The Experimentation Framework
I proposed and documented a phased testing strategy organized around the three highest-impact variables identified through research:
Paywall threshold testing — A/B testing article limits to find the threshold that maximizes subscription prompts without eroding Boston.com's role as a free content acquisition channel. The question wasn't just "what converts more users" but "what converts users without damaging the audience habits that make Boston.com valuable as a top-of-funnel asset."
Checkout friction testing — evaluating the step-based flow against alternative layouts to validate that structured transparency outperformed minimal-step approaches for this specific audience. The hypothesis was grounded in research: users dropped off not because checkout was long, but because pricing and commitment details weren't visible enough.
Onboarding engagement testing — Measuring whether the post-subscription content feed and CTAs on the confirmation screen meaningfully changed 7-day and 30-day return rates among new subscribers — the direct measure of whether we had solved the disappearing subscriber problem.
What I Would Have Measured
Had I remained on the project through the measurement phase, these were the primary signals I would have tracked:
Paywall conversion rate: the percentage of users who hit the paywall and completed a subscription, segmented by acquisition source
Check out completion rate by step: to identify exactly where users were still dropping off within the new flow
7-day and 30-day subscriber return rate:the most direct measure of whether onboarding was creating the content habit that prevents early cancellation
Qualitative feedback and support ticket volume: monitoring for confusion, trust gaps, and friction signals in real time, particularly around billing clarity and account creation
These metrics were chosen to evaluate both the immediate conversion impact and the longer-term retention value of the experience because a subscription that converts but doesn't retain is not a solved problem.
What I'd Prioritize Next
If I were continuing to iterate on this experience, the first optimization I'd pursue is paywall messaging personalization to serve different value propositions based on the content category a user was reading when they hit the limit. A user who reads sports coverage daily needs a different reason to subscribe than a user who reads breaking news occasionally. The infrastructure to support this segmentation is in place. The messaging strategy to leverage it does not yet.
8. Conclusion
This project taught me that conversion problems are often organizational problems wearing a UX costume.

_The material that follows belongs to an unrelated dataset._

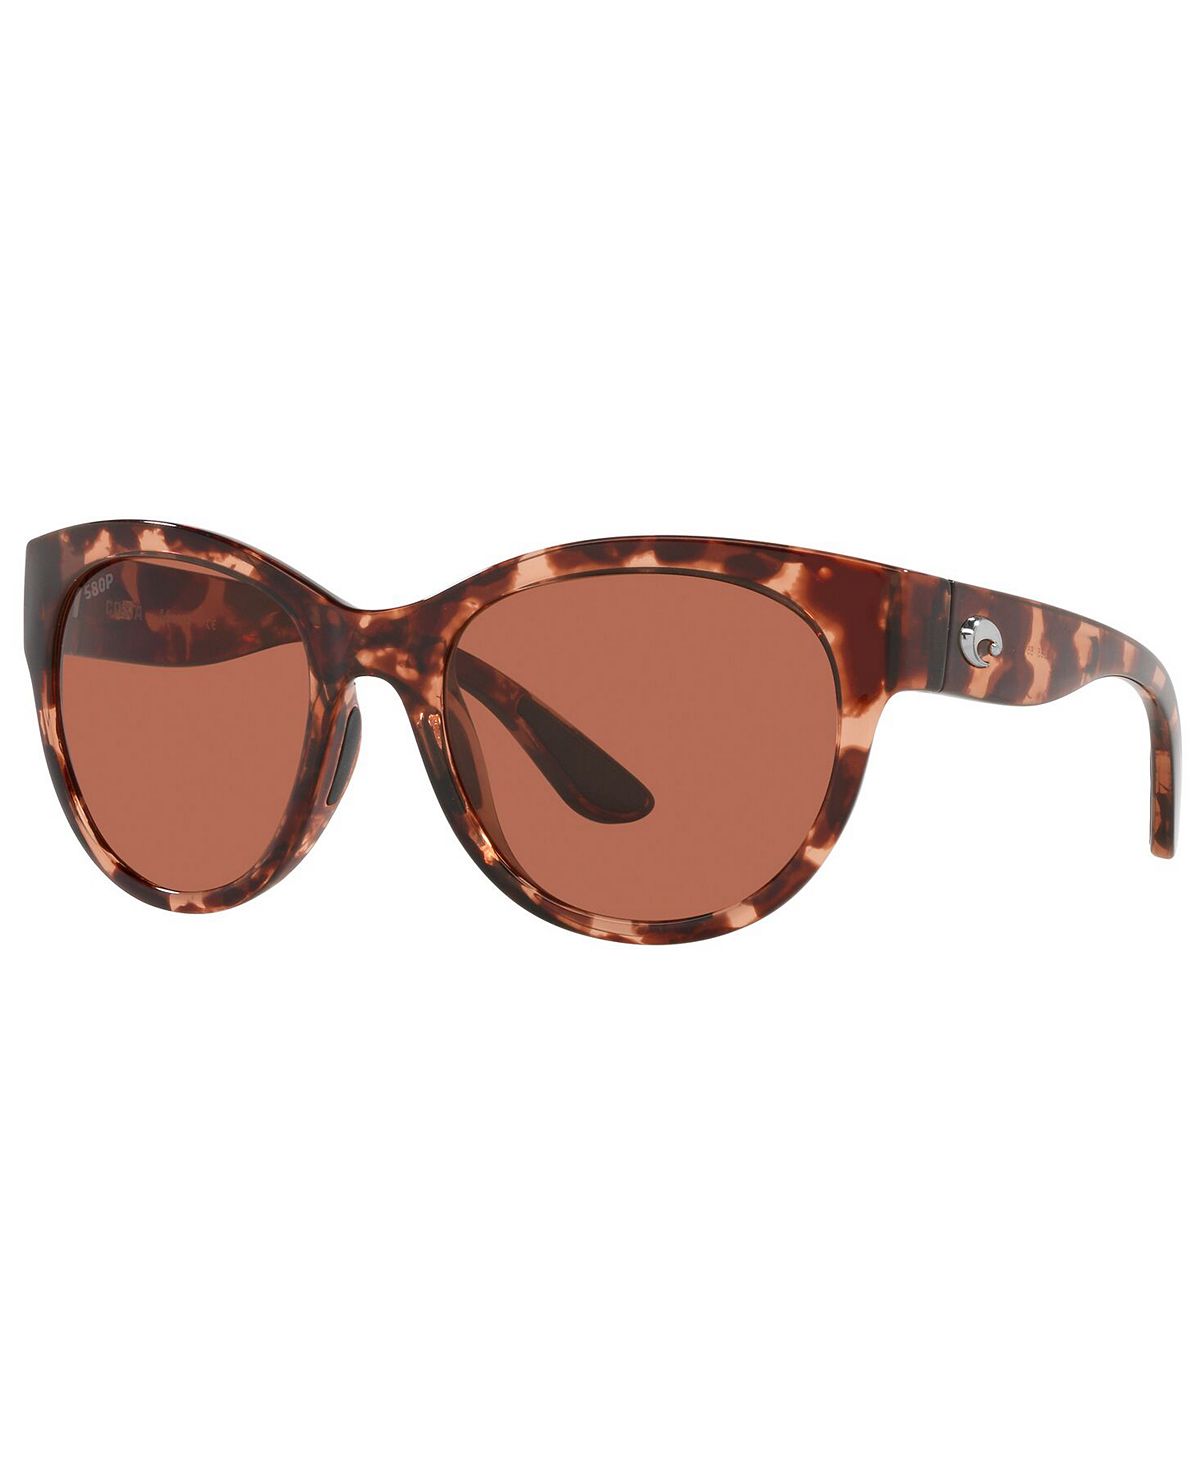 Поляризованные солнцезащитные очки MAYA, 6S9011 55 Costa Del Mar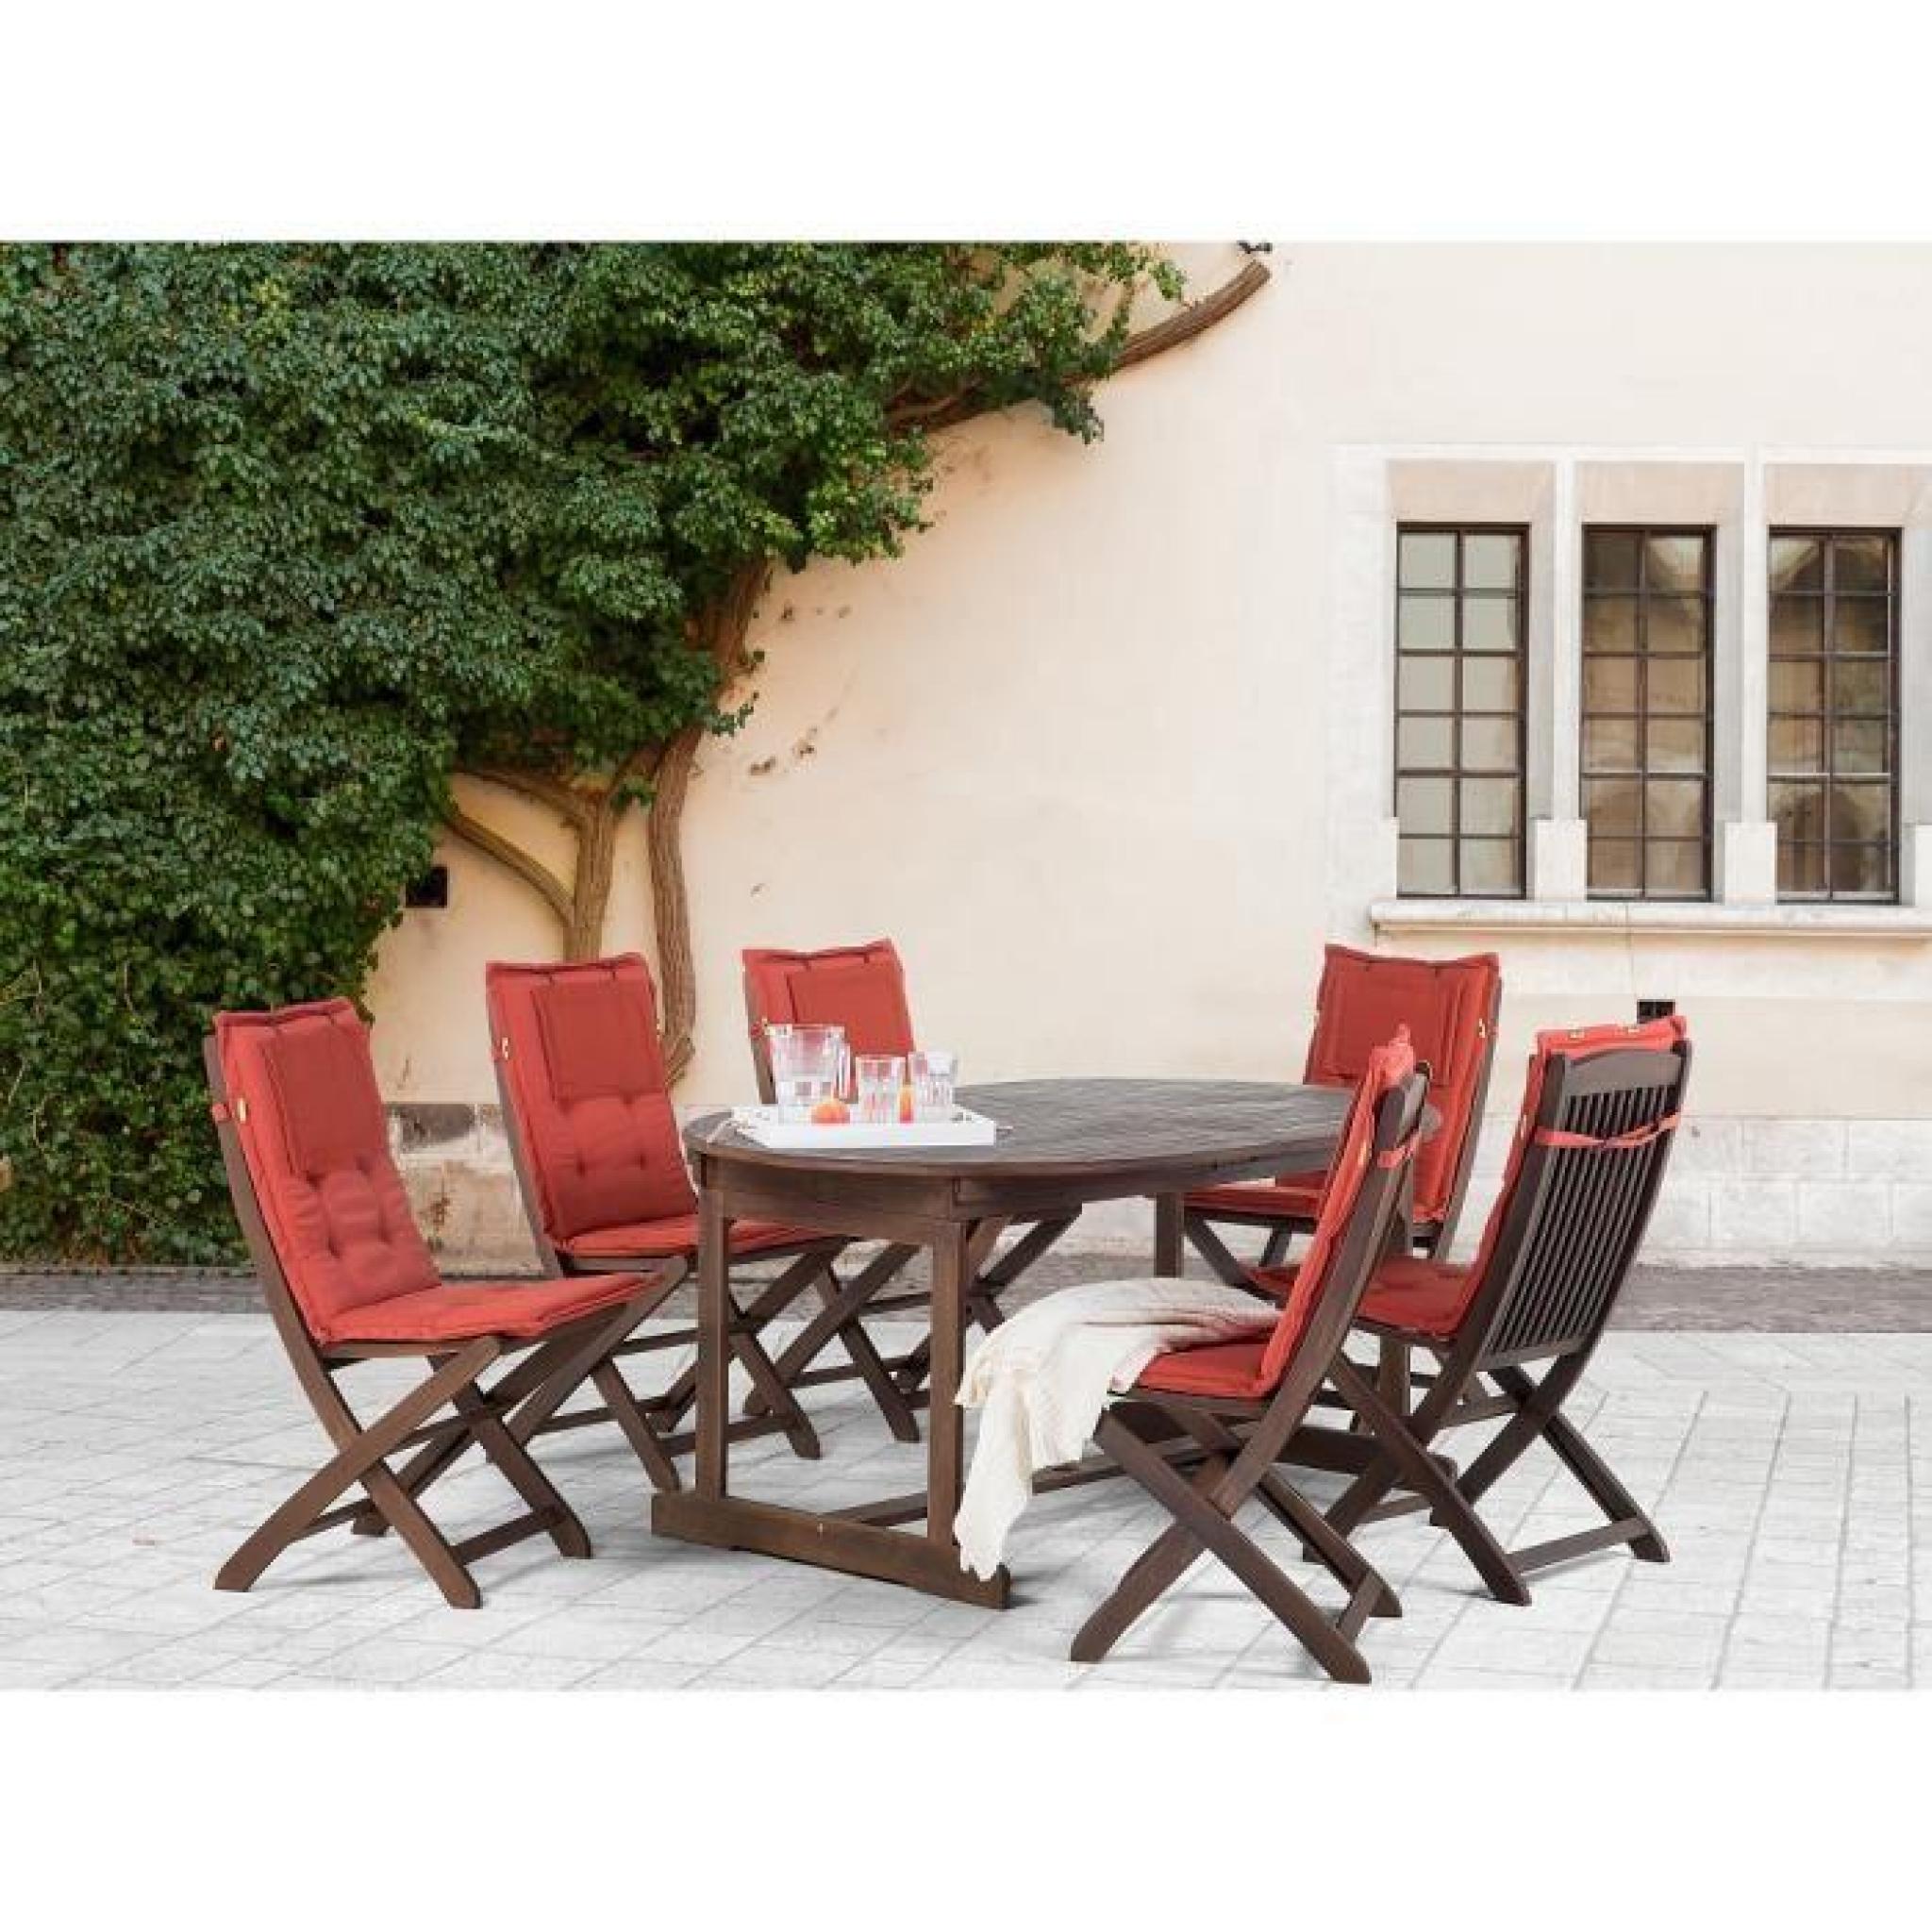 Ce superbe ensemble table + chaises en bois d'acacia teinté comprend 6 chaises inclinables et une table ovale extensible. Son pla...

The checkout wasn't broken because of bad design. It was broken because two teams owned adjacent parts of the same journey with no shared accountability for the seam between them. The design solution was secondary to the strategic reframe: making the case that this was a systems problem, not a page problem.
By unifying the paywall, checkout, and onboarding into a single experience, the design shifted the subscription from a transactional interruption to a trust-building moment in the reader's relationship with Boston.com. That system shipped, and the experimentation framework to validate and iterate on it was already in motion.
What I'd do differently: I'd invest earlier in quantifying the cost of the broken handoff in dollar terms and not just drop-off rates. Making the business case with revenue-impact data would have accelerated stakeholder alignment and helped prioritize this work even sooner, against competing initiatives.